Here's an update in 2008, 30 years after that spam. Gary Thuerk has moved on, though he's not quite in hiding.

The spam war has continued as an arms race. Indeed, a controversial topic in the anti-spam community is whether the success of anti-spam efforts has simply caused the spammers to try harder, thus doing more damage. However, today's filters are indeed much better and many people have relatively spam-free mailboxes.

Spam laws (and the many other laws all big spammers break) have convicted some spammers, but much spamming effort has moved offshore, and into botnets. Most spam laws, for all the bluster about them, have done little to dent the problem.

Botnets

One sinister new development is the botnet. Many people believe that most spam is now being sent by zombie computers. These are ordinary PCs, infected with code that puts them under control of a criminal agent who sells their services to spammers and DDOSers. It is suggested that around 30% of ordinary PCs are now botted. If it's not the guy to the left or the guy to the right it's probably you.

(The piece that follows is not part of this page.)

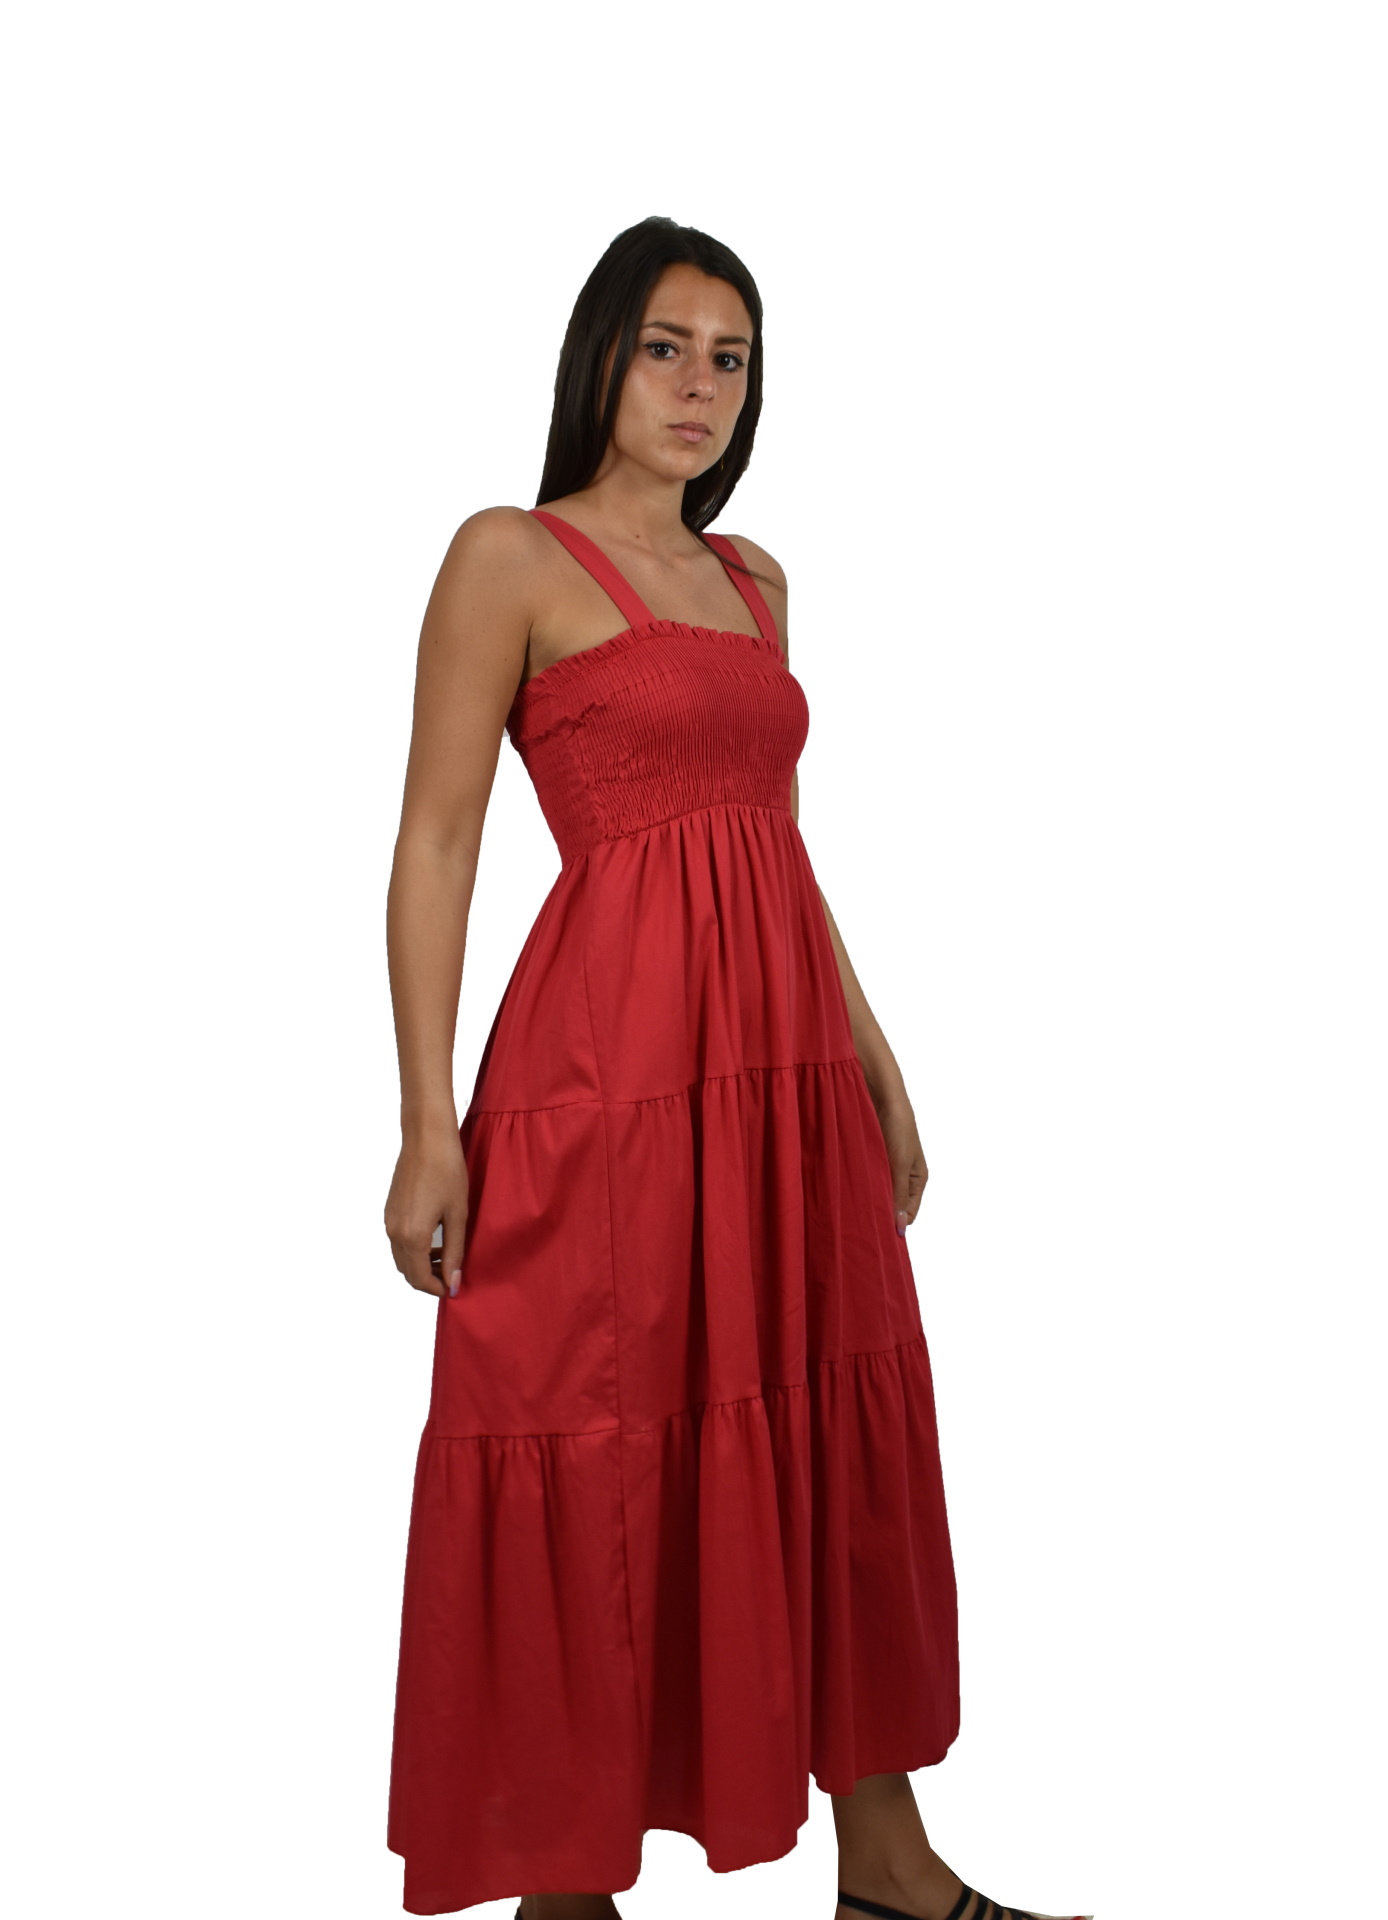 ABIMAXPE2101 ROSSO ABITO LUNGO DA DONNA 100 LINO 2 1stAmerican abito lungo da donna 100% lino Made in Italy - vestito lungo da sera da spiaggia da donna in lino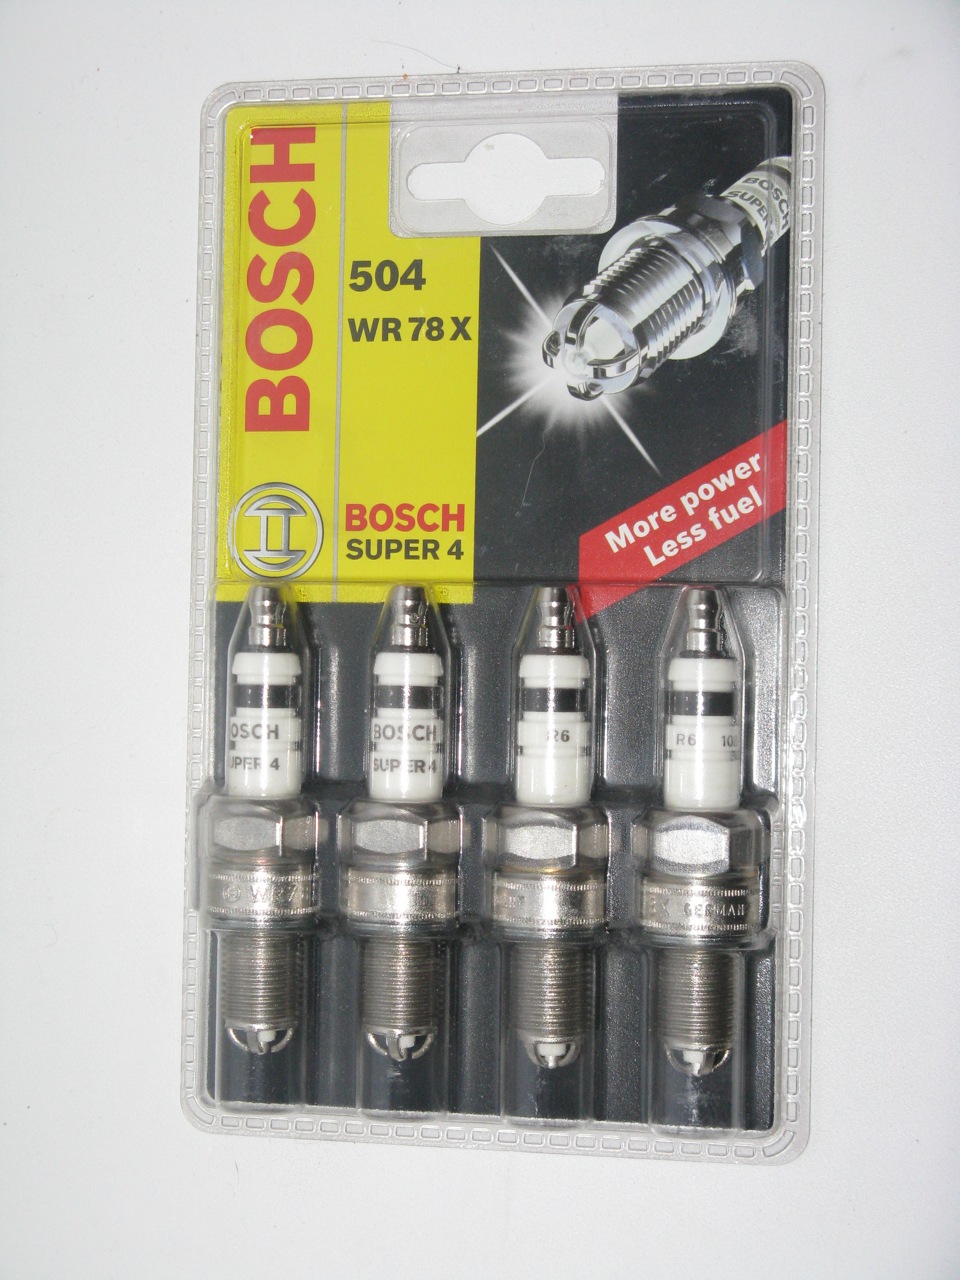 Bosch super 4. Bosch super 1.6 8 клапанов. Четырехэлектродные свечи Bosch 4512. Bosch super 4 для ВАЗ. Свечи на гранту 16 клапанов бош.

Most zombies run Windows, both because of its security holes and its monoculture popularity. Botnets can be used for far more dangerous things than spam, so this is an area of genuine concern. Botnets also make it much harder to use volume based techniques to prevent spam. You can no longer notice that one system is sending a million messages; instead a million systems are sending one message. This, in turn has led to more use of content based filtering -- sophisticated ways of blocking messages that mention Viagra -- which also means more false positives.

It also means that many ISPs have blocked individual PCs from being able to send mail, breaking the neutral internet we otherwise love.

Botnets are a symptom of something far more dangerous than spam. They are becoming major criminal enterprises, and the level of intrusion is staggering.

Leaving E-mail

Spam is one of the reasons that people cite for leaving regular E-mail. I've heard teen-agers say that "E-mail is what I use to communicate with my parents." They use other things, such as SMS and Facebook messaging, to communicate with peers. A departure from open E-mail would be sad and dangerous.

We don't want a system like Facebook to become the e-mail platform for people for two big reasons. One, a single company would control the system. E-mail needs to be open and interconnecting, not proprietary. Two, what people like about social networking systems is they divide the outside world from their friends. We could end up with systems where people take e-mail only from their circle of contacts, and not outside. It would be a shame if the internet's gift to communications turned out to be mail between closed circles of friends.

There were other bulk messages sent before this that remained within a single computer's e-mail system. It was not unusual for such systems to include a "mail to all" function (usually privileged) which was sometimes abused. In 1971, an MIT user sent a message to all people on CTSS that "There is no way to peace. Peace is the way."